** DESCRIPTION OF THE TASK **
Examine the entries below, count the lines holding the string "high", and respond with the number only.

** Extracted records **

____________

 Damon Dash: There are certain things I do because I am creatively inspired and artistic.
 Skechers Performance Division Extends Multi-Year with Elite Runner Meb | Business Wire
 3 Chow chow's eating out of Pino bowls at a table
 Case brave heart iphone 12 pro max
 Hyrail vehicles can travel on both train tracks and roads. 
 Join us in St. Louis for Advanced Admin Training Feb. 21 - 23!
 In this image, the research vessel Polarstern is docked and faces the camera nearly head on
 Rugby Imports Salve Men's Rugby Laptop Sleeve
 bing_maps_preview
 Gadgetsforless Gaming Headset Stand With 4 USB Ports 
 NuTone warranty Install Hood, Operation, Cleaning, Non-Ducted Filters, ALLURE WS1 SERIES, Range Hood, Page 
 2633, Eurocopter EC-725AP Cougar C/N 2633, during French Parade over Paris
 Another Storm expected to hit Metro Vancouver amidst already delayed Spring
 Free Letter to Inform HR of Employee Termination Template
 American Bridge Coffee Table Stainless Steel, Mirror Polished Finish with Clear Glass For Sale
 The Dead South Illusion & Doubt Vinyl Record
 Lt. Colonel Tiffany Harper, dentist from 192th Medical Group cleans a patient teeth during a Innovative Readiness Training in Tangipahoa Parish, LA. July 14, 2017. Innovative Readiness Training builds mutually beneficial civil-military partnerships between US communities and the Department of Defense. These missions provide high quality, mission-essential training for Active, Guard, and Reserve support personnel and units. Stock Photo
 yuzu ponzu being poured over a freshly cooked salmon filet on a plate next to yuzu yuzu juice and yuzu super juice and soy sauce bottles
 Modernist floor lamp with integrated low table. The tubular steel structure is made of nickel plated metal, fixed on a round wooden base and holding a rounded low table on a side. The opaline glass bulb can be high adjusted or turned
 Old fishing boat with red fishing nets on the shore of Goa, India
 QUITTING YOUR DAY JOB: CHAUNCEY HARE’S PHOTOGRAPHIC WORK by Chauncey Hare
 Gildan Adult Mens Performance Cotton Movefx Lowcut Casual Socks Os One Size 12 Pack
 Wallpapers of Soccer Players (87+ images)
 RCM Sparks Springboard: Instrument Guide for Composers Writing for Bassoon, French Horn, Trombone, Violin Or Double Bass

____________

** EXPECTED ANSWER **
2